Should you buy it? This is dependent entirely on your affinity for the smell of melting fake butter. I like it and I’m not sorry. 

2. Cinnamon Rolls

Maybe my nose is broken from the experience of smelling a bunch of dessert-flavored candles all in a row, and trying to formulate semi-articulate opinions about why one would be better than the other, but I swear to gosh that I smelled not just the familiar scent of artificial cinnamon, but also all of the other associated aromas—brown sugar, butter, even the cream-cheese icing—when I lit the Cinnamon Rolls candle. Is all that really there, or is it something I brought to the candle upon reading the words “Cinnamon Rolls” instead of just “cinnamon”? Who can say; the brain is amazing. At any rate, this candle’s cinnamon scent is pleasant and not as overpowering as the more-pungent variety of cinnamon candle you’ll find at Christmastime, and I found it a welcome respite. 

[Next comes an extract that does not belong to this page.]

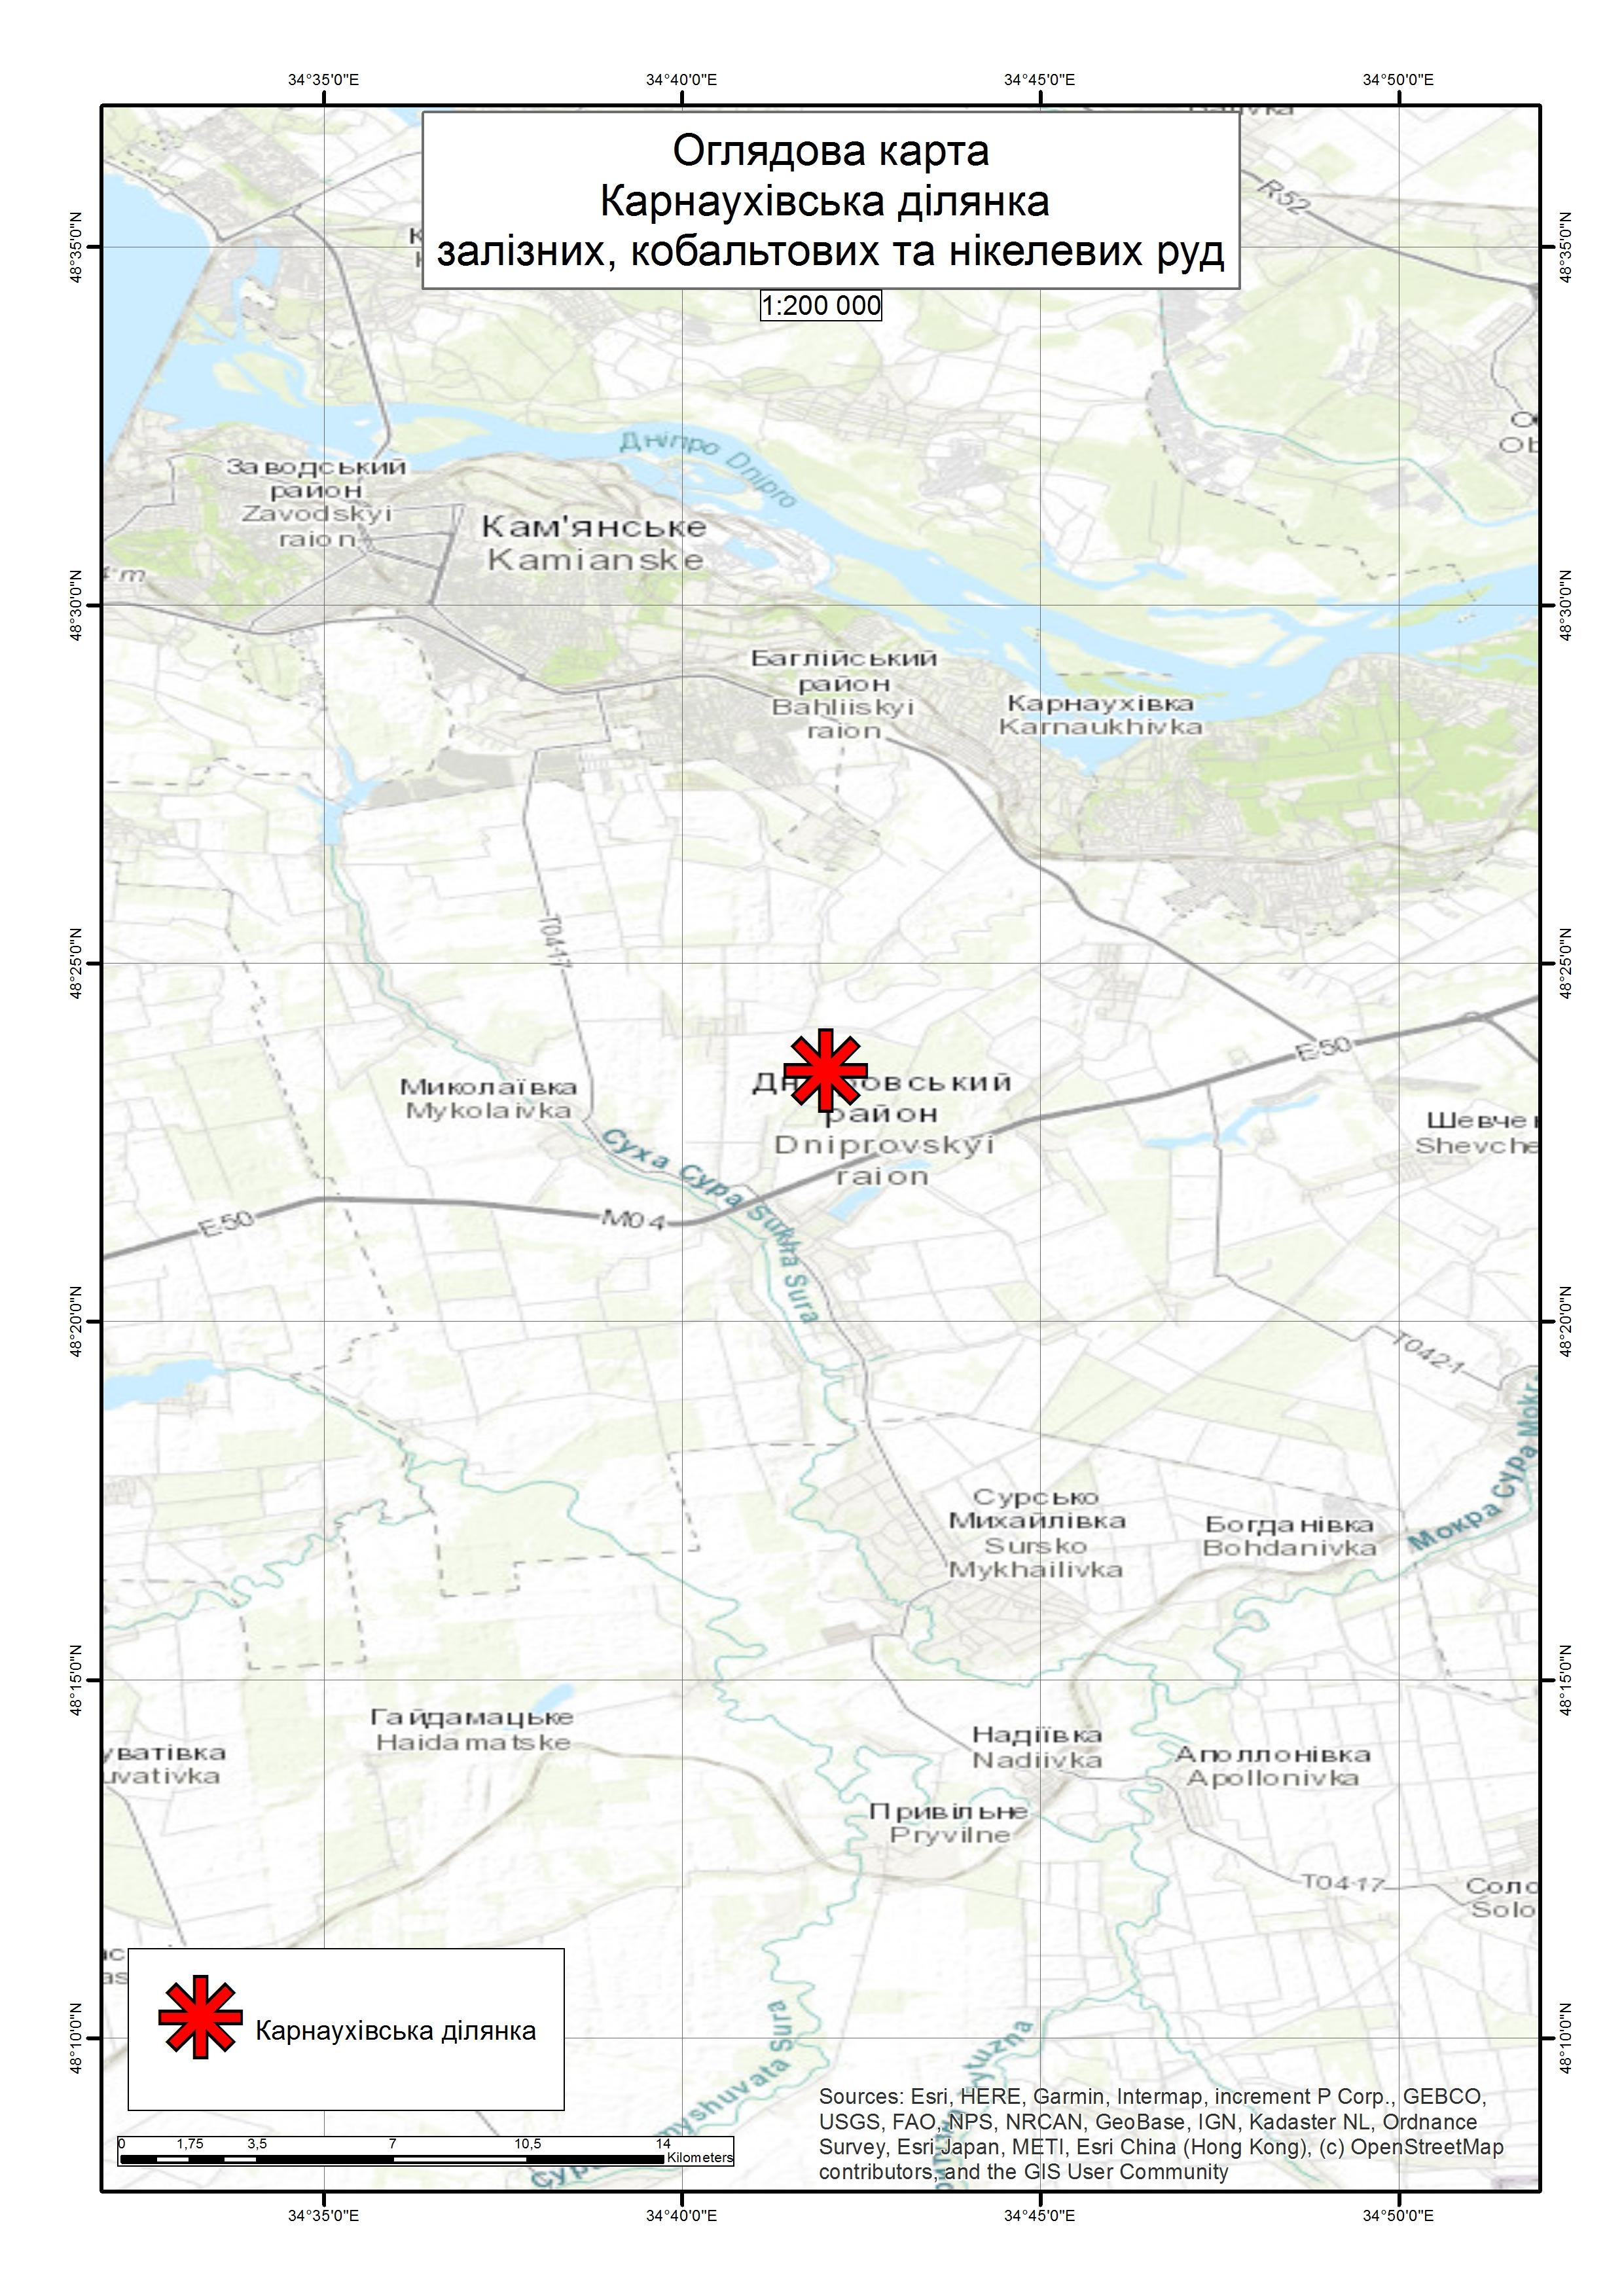 Спеціальний дозвіл на користування надрами – Карнаухівська ділянка. Вартість геологічної інформації – 155 636,01 грн (з ПДВ). Вартість пакету аукціонної документації – 22 420,52 грн (з ПДВ).

Should you buy it? Do you have roommates? Do you want them to wake up under the false impression that you baked cinnamon rolls for breakfast? Great prank material here. 

1. Texas Wildflower Honey

In case it isn’t already clear, the H-E-B scented candle line is largely a group of novelty products. It’s hard to imagine that the company itself would disagree: you don’t release a product like Butter Tortilla–scented candles without a bit of self-awareness, and a strong sense that people are going to be interested primarily because they gotta smell it for themselves. Even the better-smelling candles in the line are judged on a curve based on how well they replicate the scent of the product on the label, rather than whether they actually create an aroma that an adult would want wafting through the home. The Texas Wildflower Honey candle is an exception to that, though—it’s subtle, smells nice, and offers a faint whiff of honey, rather than a bold demonstration of the advances in artificial olfactory stimuli. The Texas Wildflower Honey scented candle does double duty, satisfying the novelty-seekers who would purchase the product line to try to guess which product each candle seeks to replicate, but also just serving as a nice-smelling candle. You’ll blow out most of the others when you get bored with the scent of fake food in your house, but you might burn this one down to the base. 

Should you buy it? If you like nice things that cost five dollars.